Goal of the exercise: Without the pictures, give every record again exactly.

Data records:
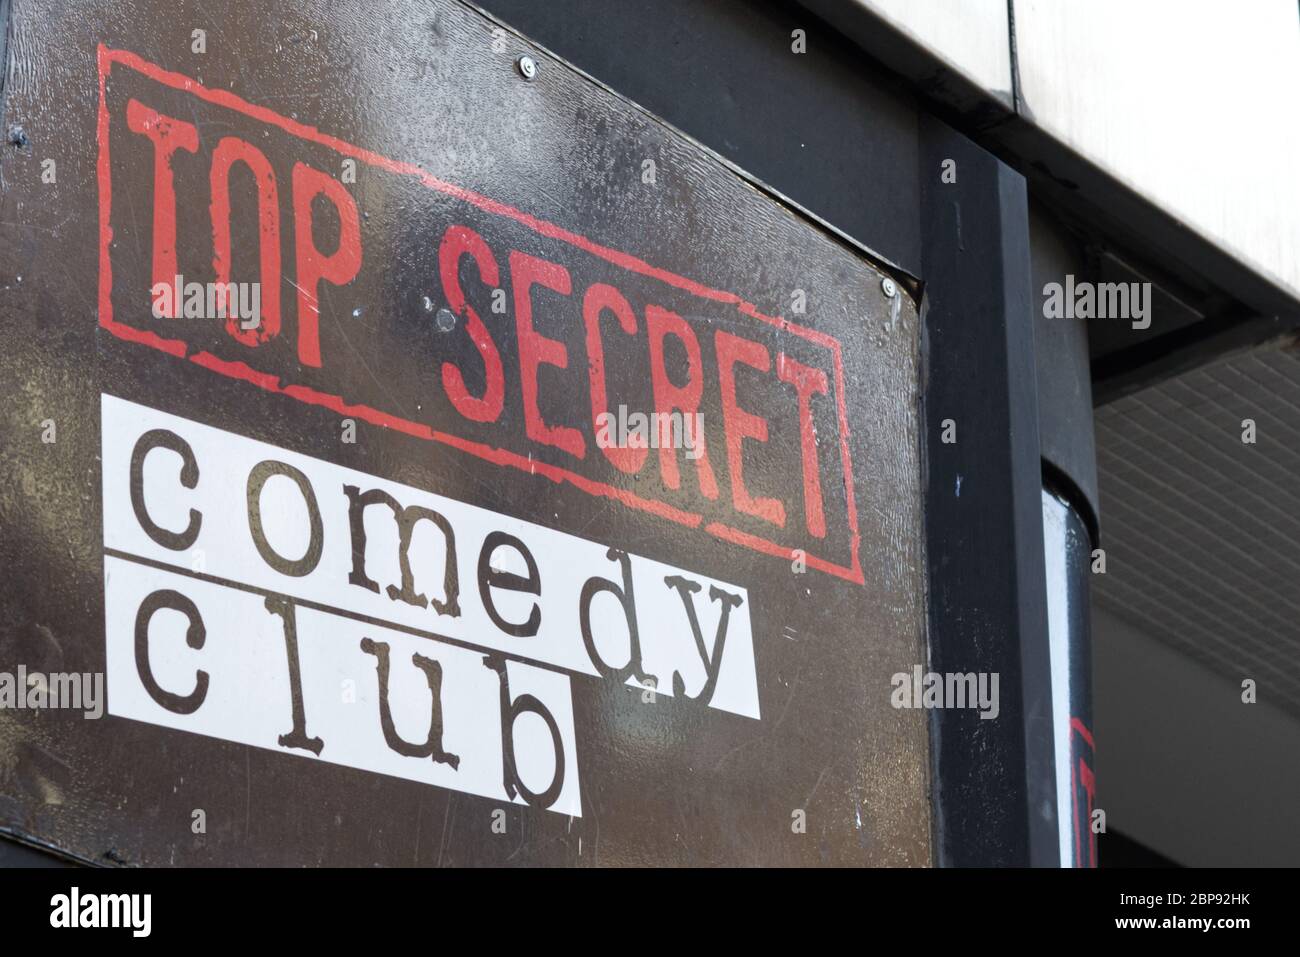 top secret, comedy club, sign London Stock Photo
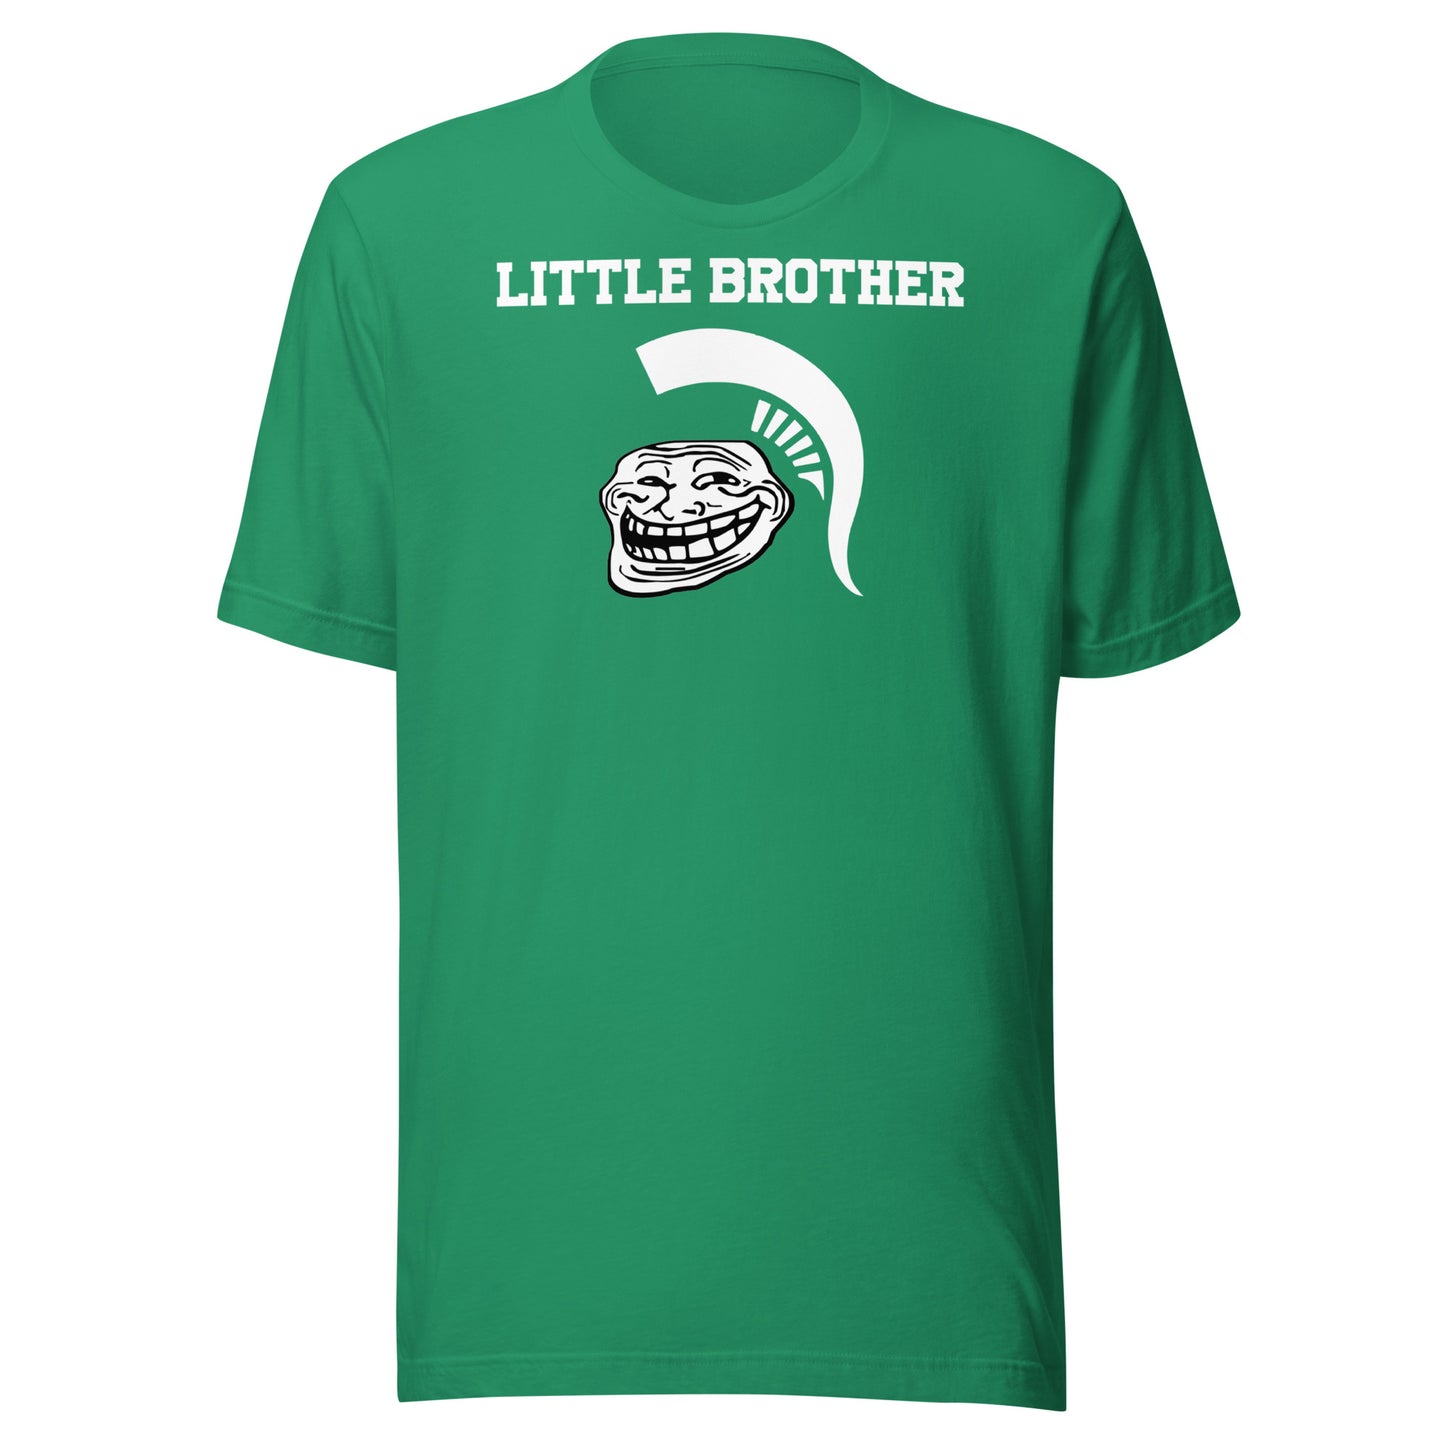 LITTLE BROTHER - TROLL - Unisex t-shirt
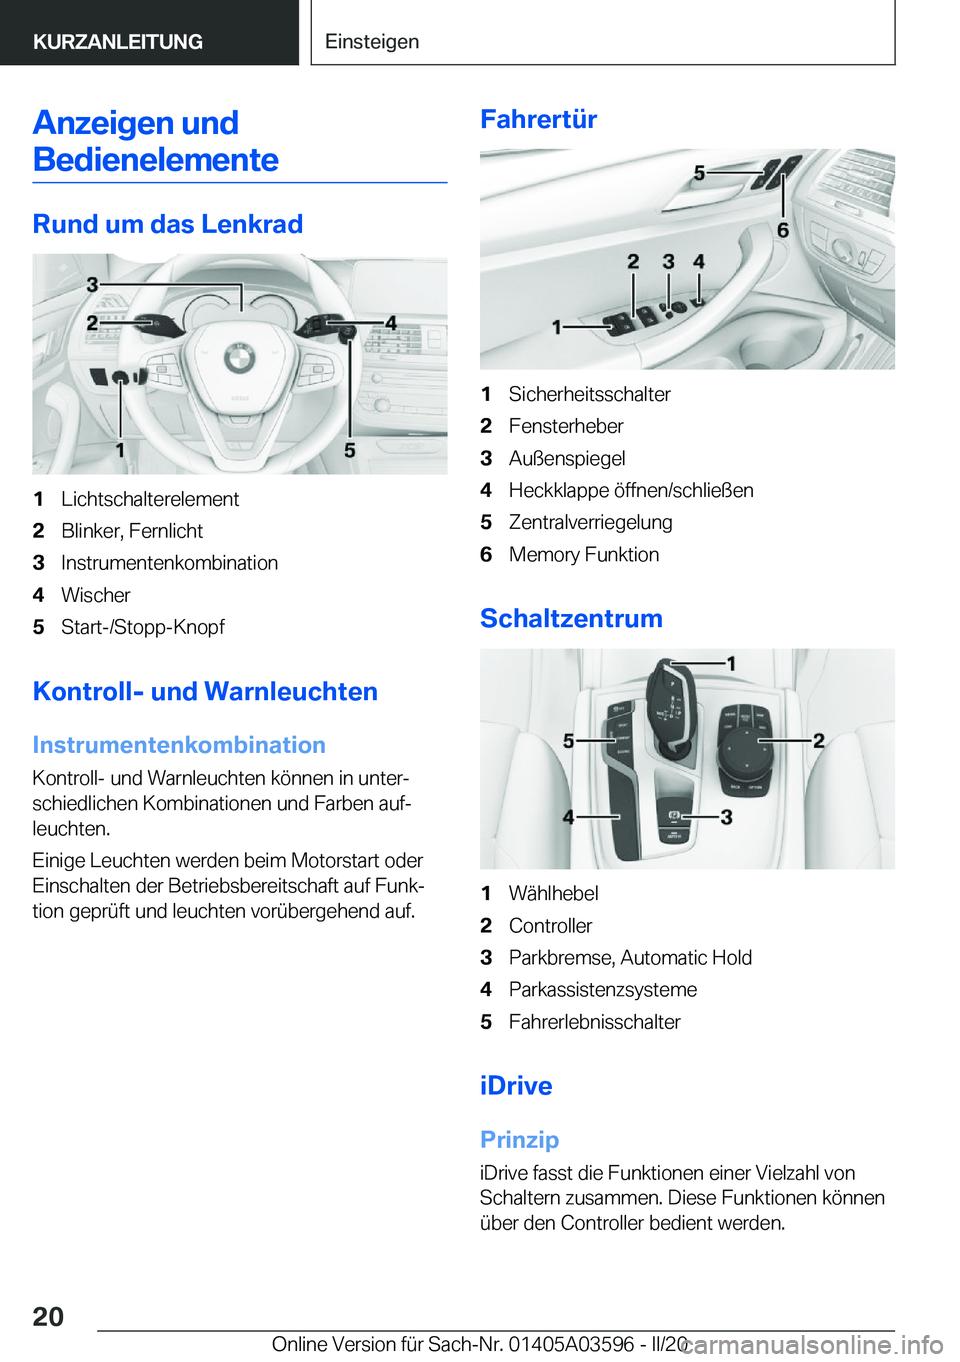 BMW X4 2020  Betriebsanleitungen (in German) �A�n�z�e�i�g�e�n��u�n�d�B�e�d�i�e�n�e�l�e�m�e�n�t�e
�R�u�n�d��u�m��d�a�s��L�e�n�k�r�a�d
�1�L�i�c�h�t�s�c�h�a�l�t�e�r�e�l�e�m�e�n�t�2�B�l�i�n�k�e�r�,��F�e�r�n�l�i�c�h�t�3�I�n�s�t�r�u�m�e�n�t�e�n�k

Written answer:
 top secret, comedy club, sign London Stock Photo
 LITTLE BROTHER - TROLL - Unisex t-shirt
 BMW X4 2020  Betriebsanleitungen (in German) �A�n�z�e�i�g�e�n��u�n�d�B�e�d�i�e�n�e�l�e�m�e�n�t�e
�R�u�n�d��u�m��d�a�s��L�e�n�k�r�a�d
�1�L�i�c�h�t�s�c�h�a�l�t�e�r�e�l�e�m�e�n�t�2�B�l�i�n�k�e�r�,��F�e�r�n�l�i�c�h�t�3�I�n�s�t�r�u�m�e�n�t�e�n�k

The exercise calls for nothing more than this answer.